Granted, Rock Goddess were never going to be world beaters. But they were always a reliable, rock solid band and this new release does what you want. Melodic, riff driven metal with growly vocals and a handful of choruses that stick in the head. It’s a proper album. Ten songs, 40 minutes. As it should be. And with the aforementioned single, ‘Two Wrongs Don’t Make A Right’ and ‘Why Do We Never Learn’ on repeat play it’s a job well done.
KATIE DOHERTY & The Navigators
It’s been a long time since Katie Doherty released a record what with her debut coming out way back in 2007.
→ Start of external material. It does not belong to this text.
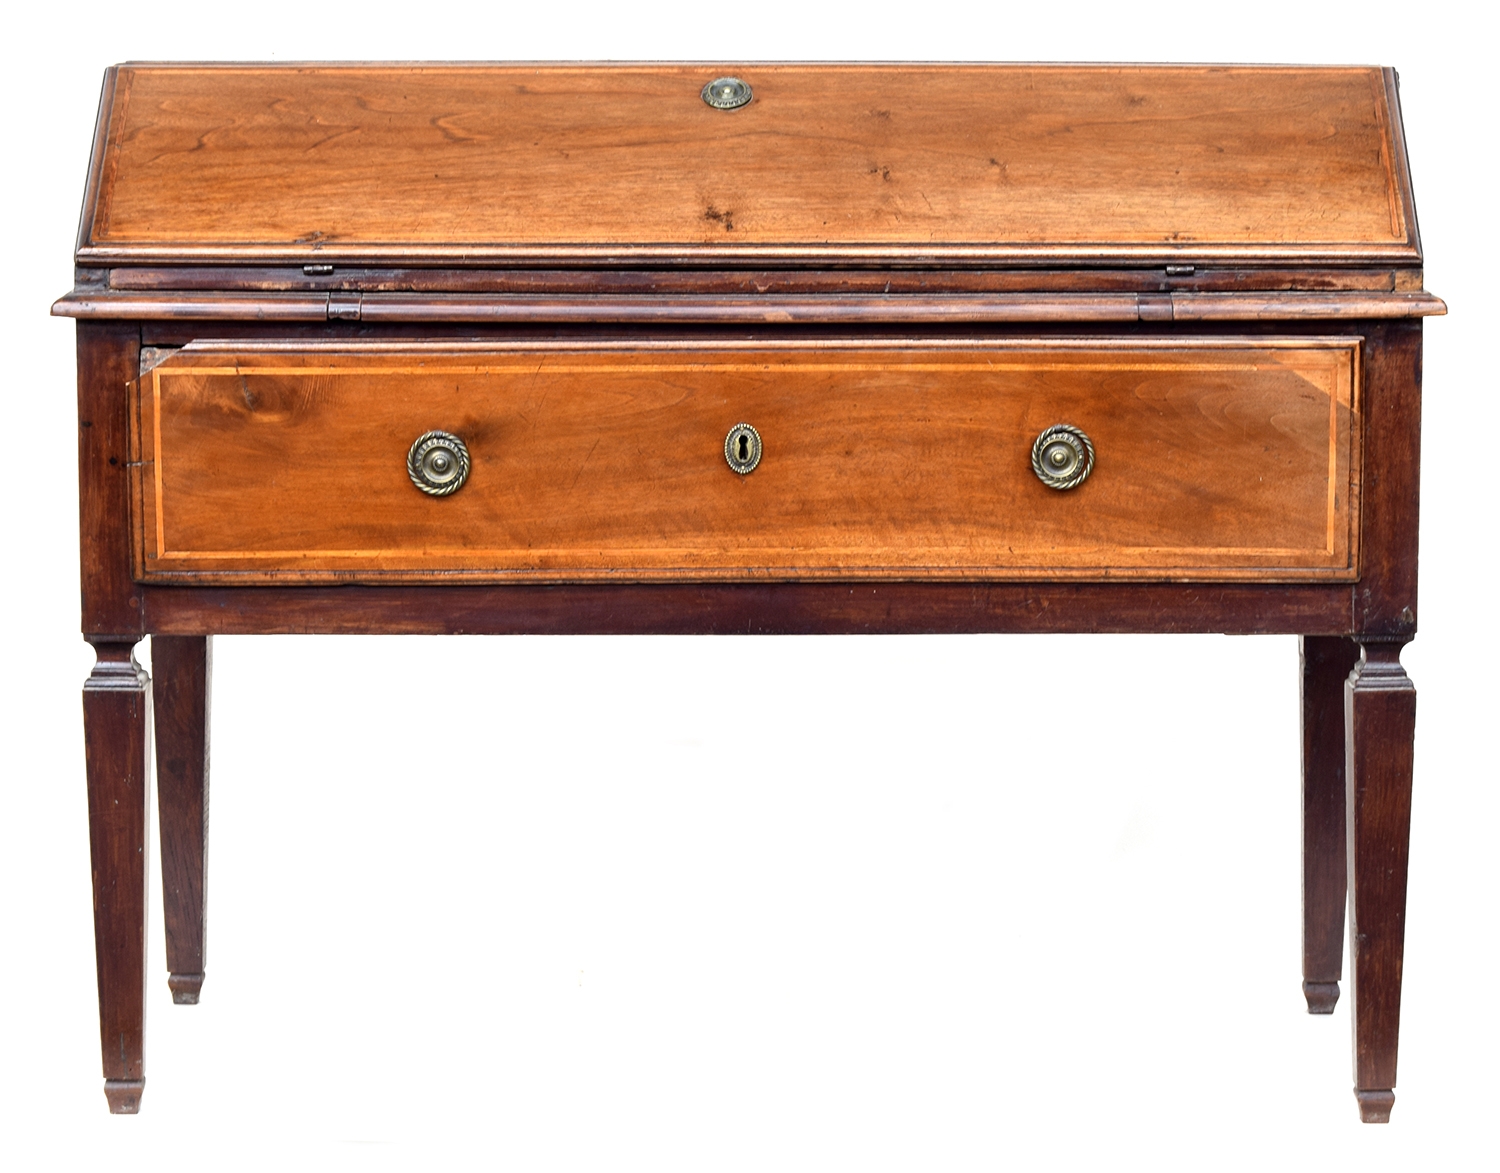 A Regency sideboard bureau, fall front with two drawers above deep single drawer, panelled sides and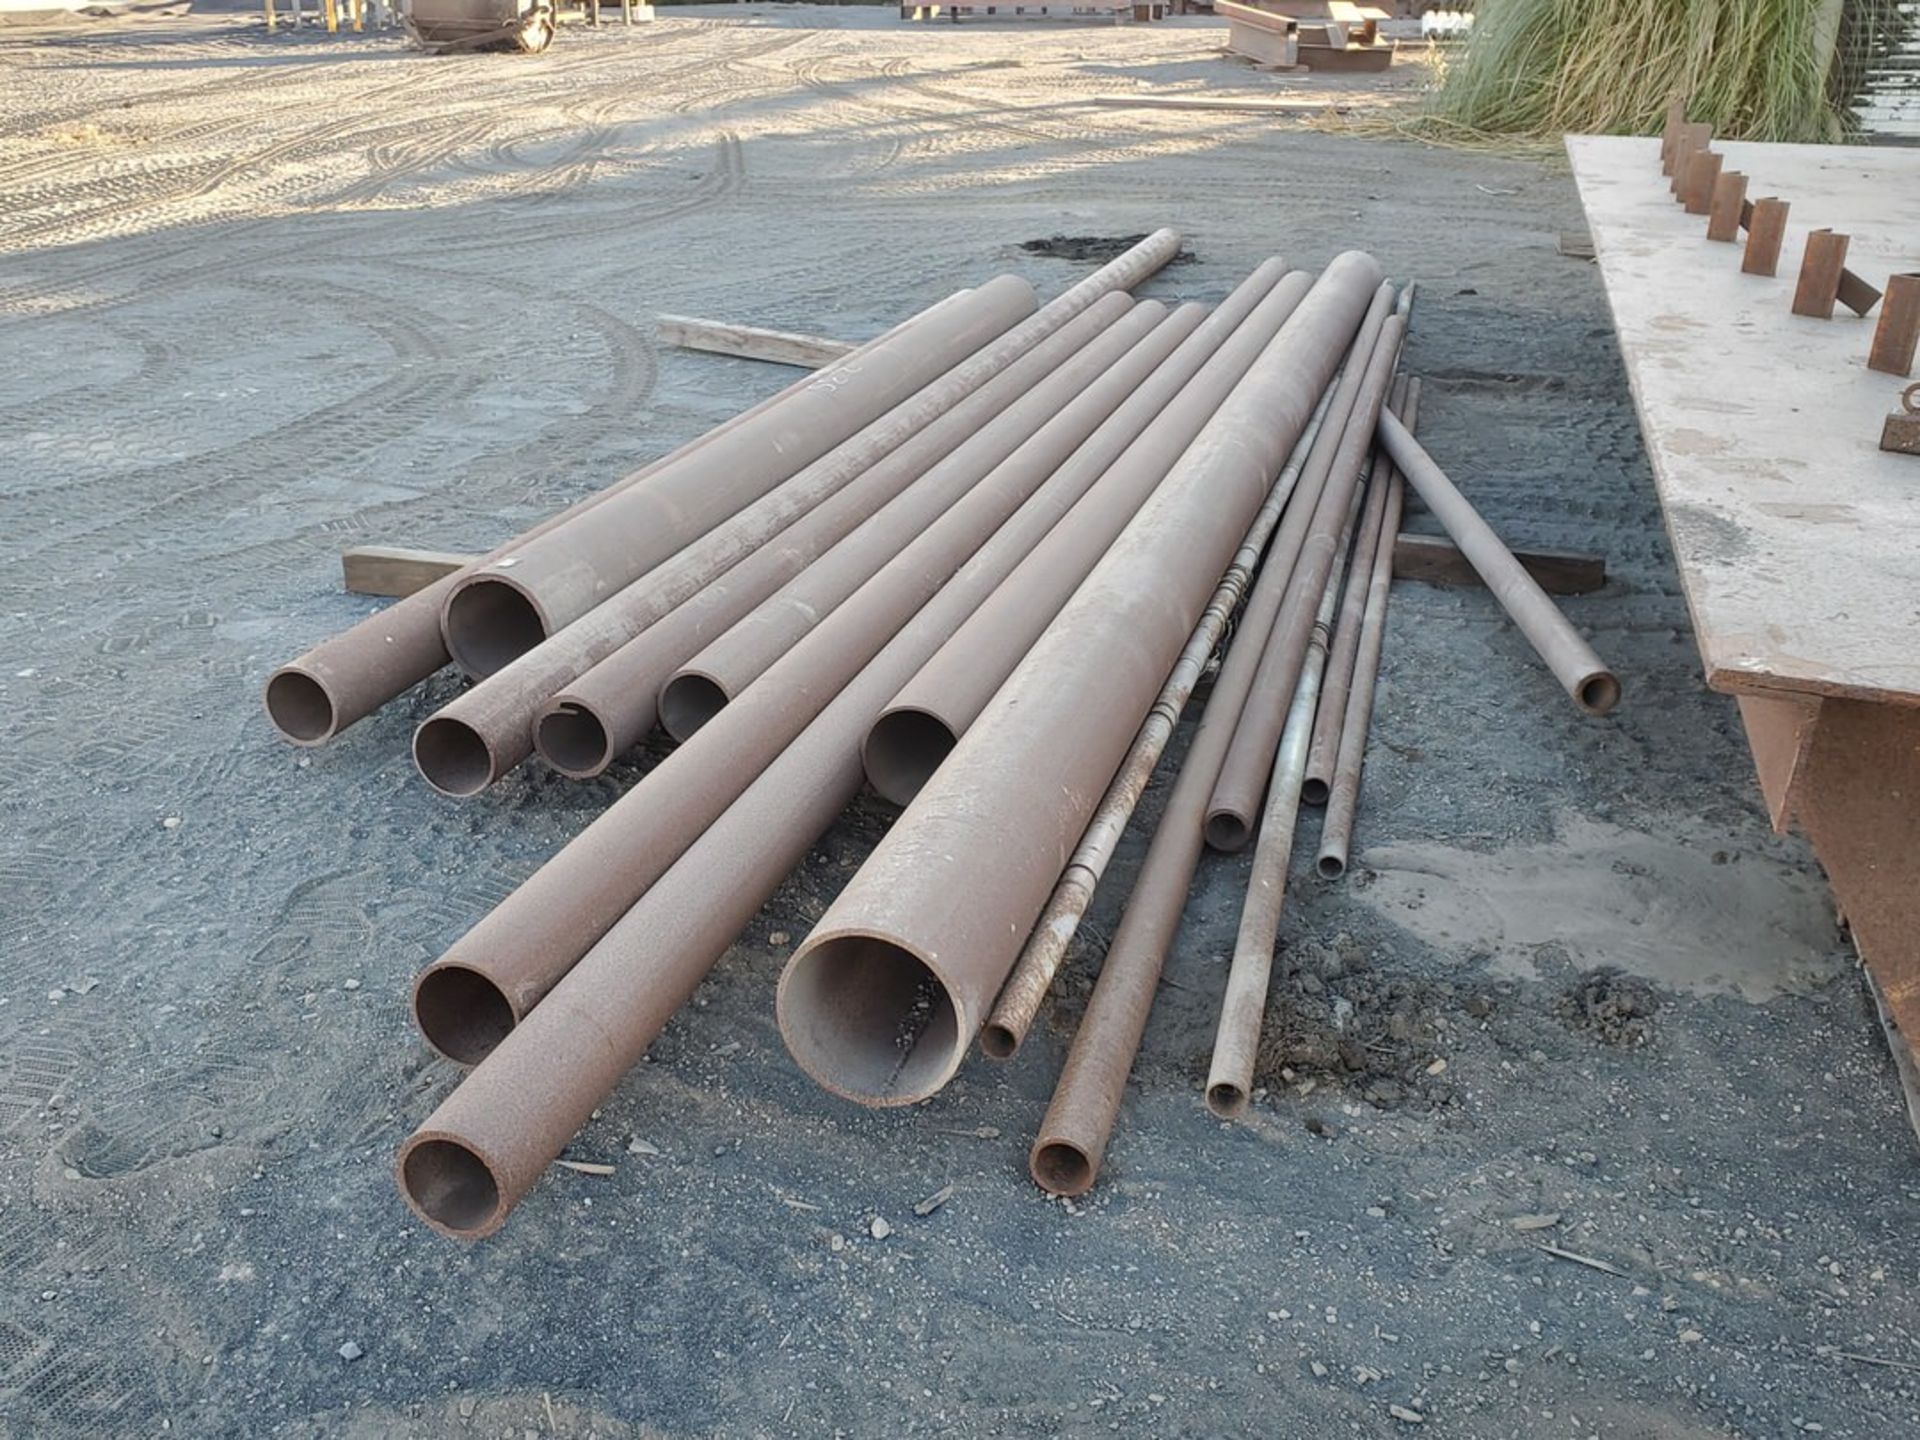 Assorted S/S Raw Matl. To Include But Not Limited To: Rebar, Pipe, Flat Bar, Angle, Sq. Tubing, Up - Image 5 of 14

But she’s been busy working on stage productions and whatnots so has only got around to a follow-up twelve years down the line. Has it been worth the wait? Of course not. Nothing is worth waiting 12 years for. Not even the circus coming back to town. But it is an exceptionally good album. It’s still basically folk music but with some great songs and adventurous arrangements showcasing her very listenable voice it’s folk music you’d go out of your way for.
There is some great instrumentation with the obligatory fiddle and mandolin well to the fore. But chuck in a sansula (nope, me neither) and there is always something interesting going on in the background while Ms Doherty gets on with the business of telling her tales. And they’re good ones whether it’s a straightforward declaration of love (‘Yours’) or a cello driven nostalgic tale like ‘Heartbeat Ballroom’.
If you wanted to hear one song to convince you then take a spin with the closing ‘We Burn’ which is as euphoric a song as you’re likely to hear. A good one.
You Stole My Heart
Prescott Kabin Records
You want to know how to steal my heart? Apart from bacon. Well kick off your album with some rollicking boogie woogie piano and a honking saxophone.
If Dennis wisnae already married to Denise (yes, really) I’d be chapping up his door.
And this is my kind of blues. Rollicking, good time, swing driven, old-timey, uplifting. Which is what non-blues fans often forget. Yes, there’s doom and gloom but as the blues is all about life the good stuff is there as well. Mr Herrera shows himself well able to bring all that to bear on a great set of originals. He can lift you up as he does on the title track and the funky ‘Takes Money’. But then he can take you right down there on the slow blues of ‘My Past Life’ which is not a place I normally want to visit. There’s some great harmonica and brass work across the record and the two different bands he’s used both really hit the mark.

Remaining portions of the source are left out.